■ **Exercise**
Return the data word for word. Pictures are to be omitted.

■ **Supplied data**
--------------------------------

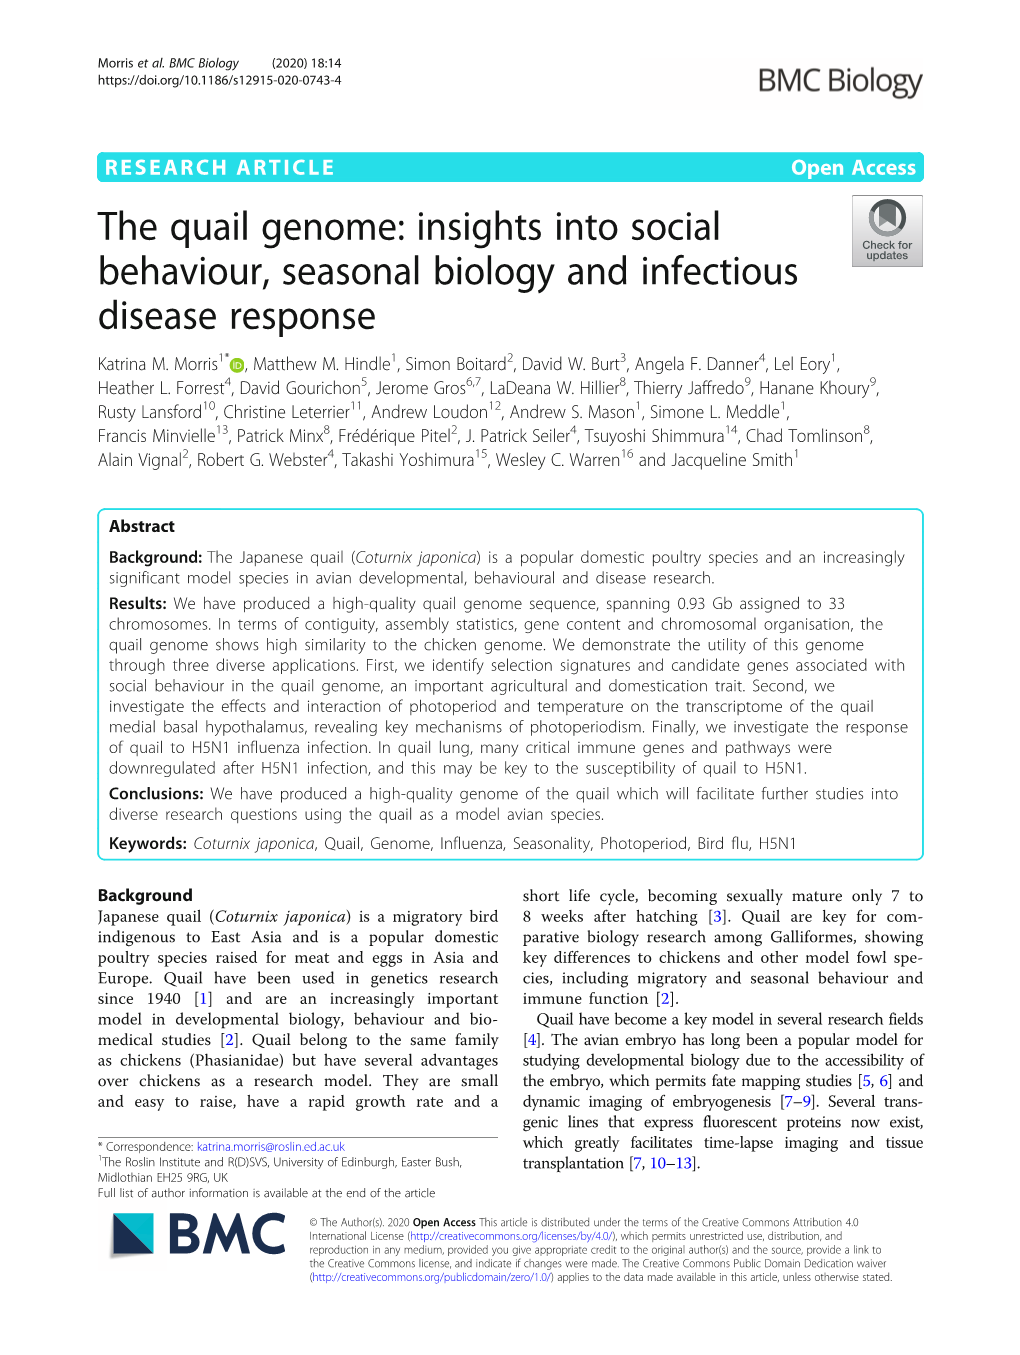 The Quail Genome: Insights Into Social Behaviour, Seasonal Biology and Infectious Disease Response Katrina M
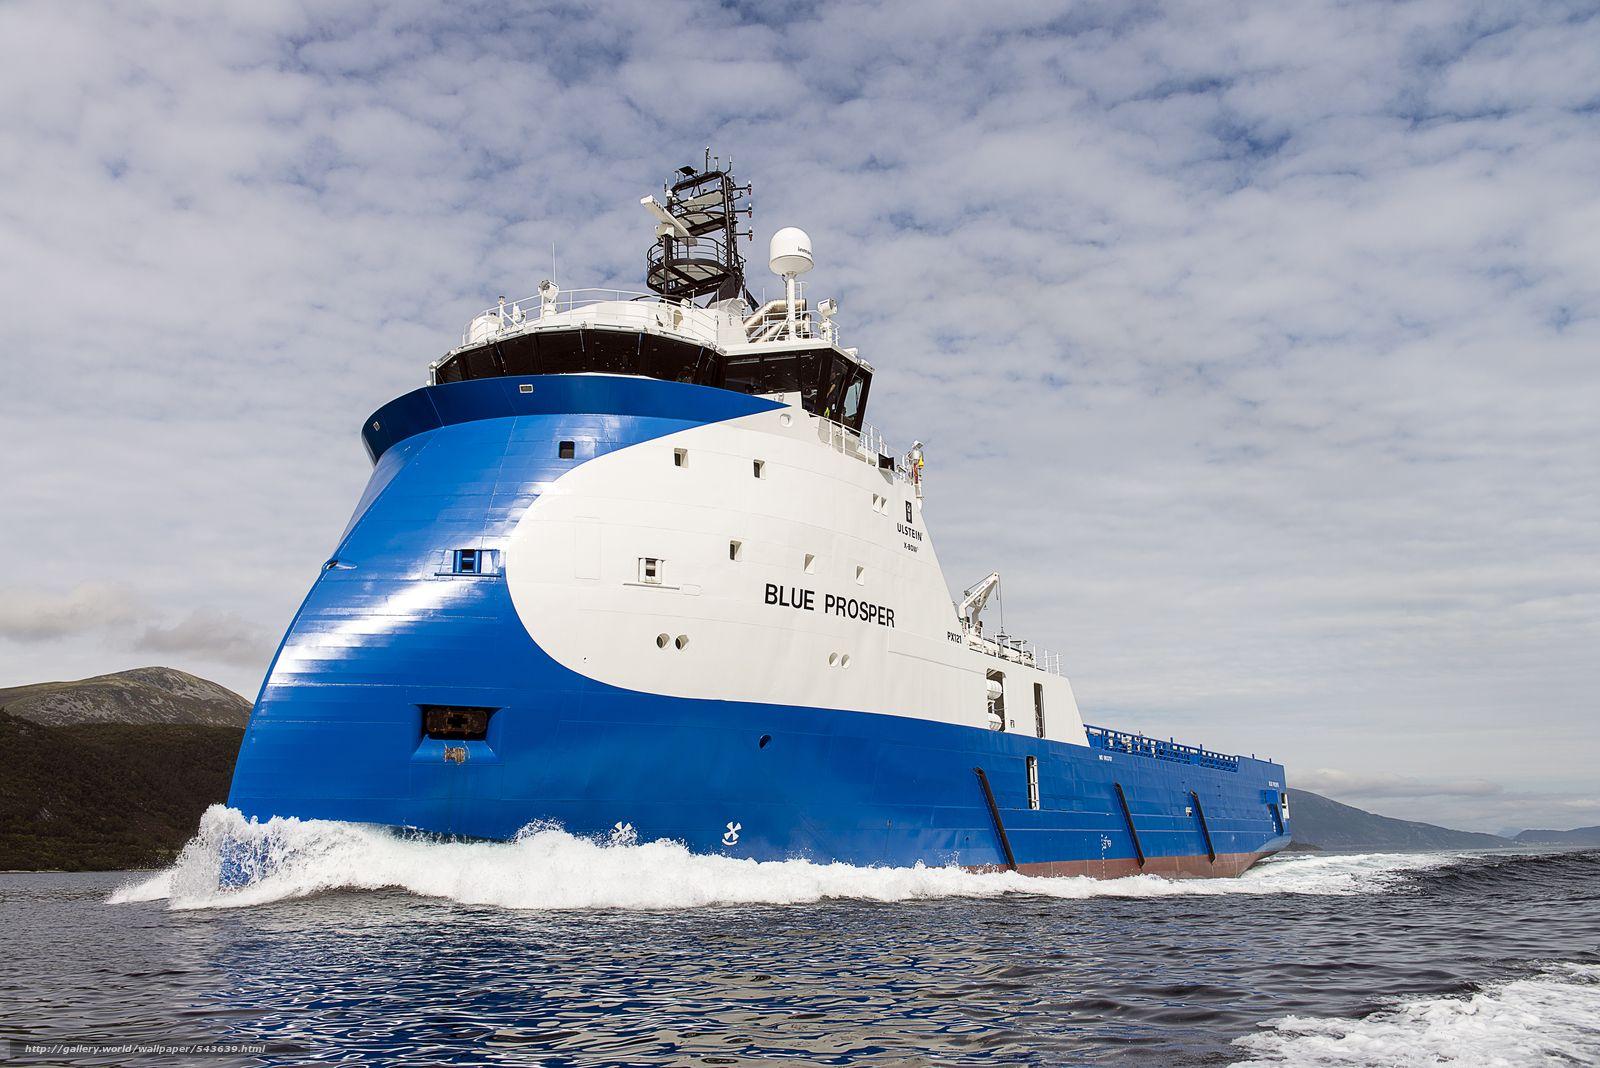 Download wallpaper Blue Prosper, replenishment ship, offshore Blue
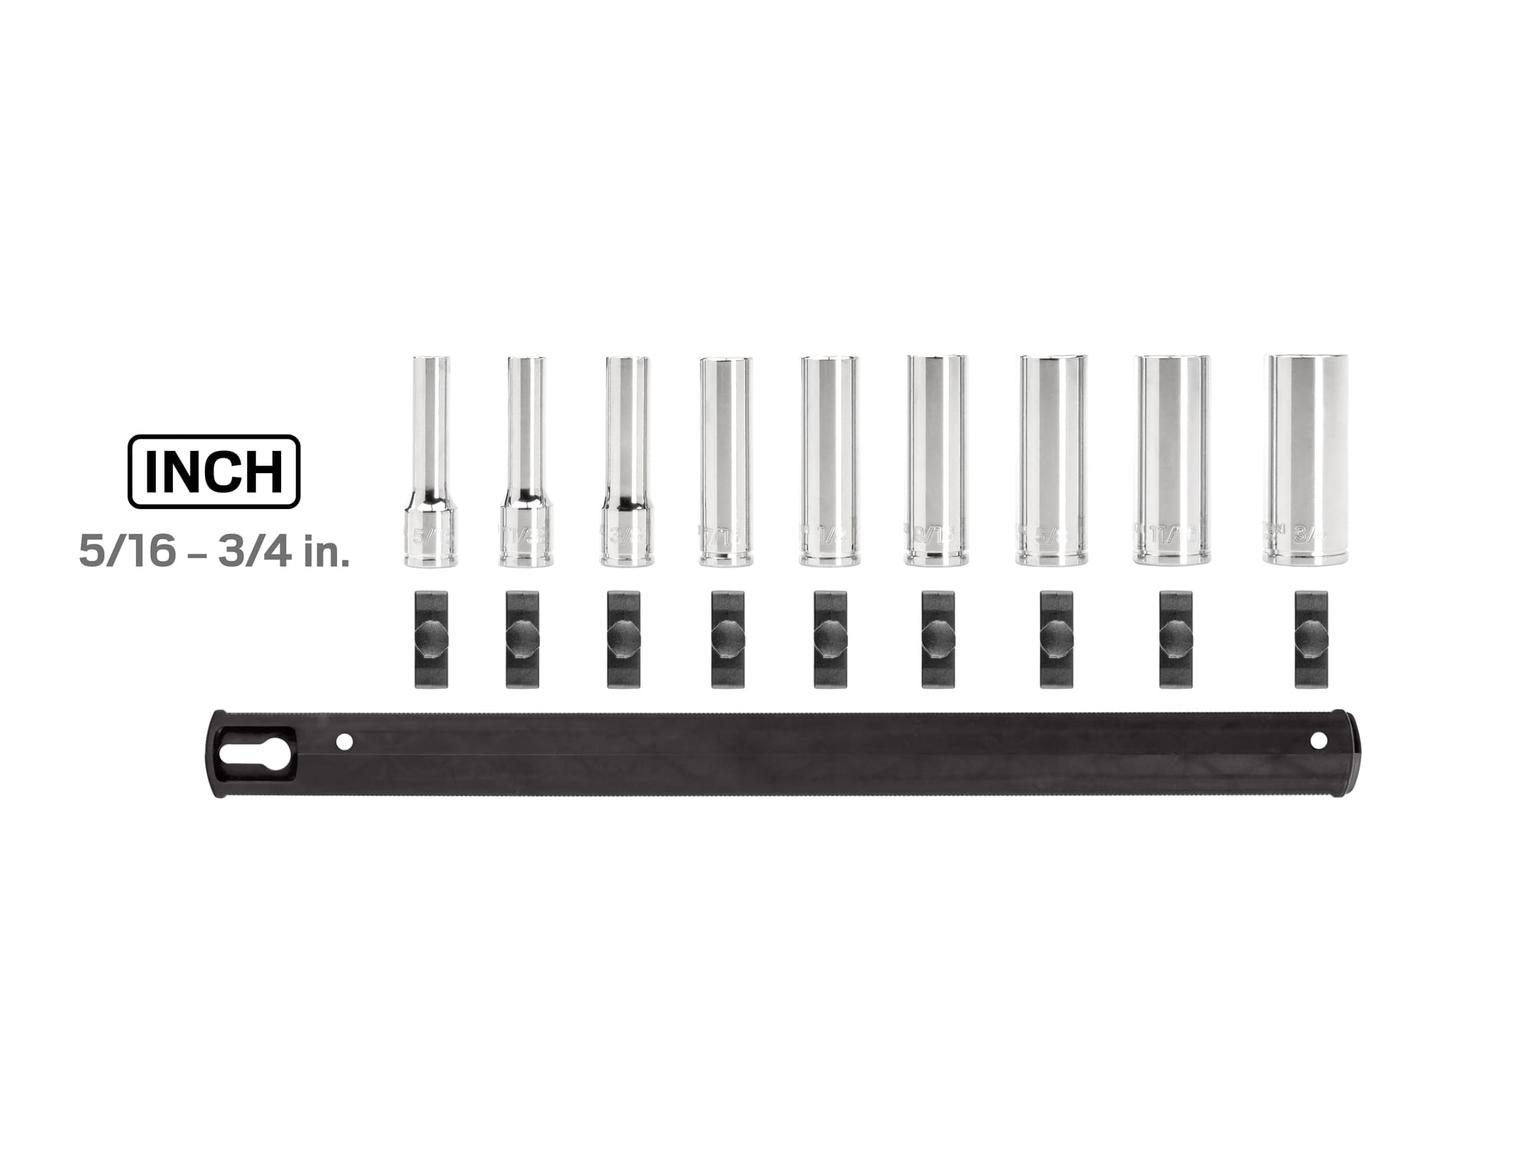 TEKTON SHD91107-T 3/8 Inch Drive Deep 12-Point Socket Set with Rail, 9-Piece (5/16-3/4 in.)

--------------------------------

■ **Written solution**
 The Quail Genome: Insights Into Social Behaviour, Seasonal Biology and Infectious Disease Response Katrina M
 Download wallpaper Blue Prosper, replenishment ship, offshore Blue
 TEKTON SHD91107-T 3/8 Inch Drive Deep 12-Point Socket Set with Rail, 9-Piece (5/16-3/4 in.)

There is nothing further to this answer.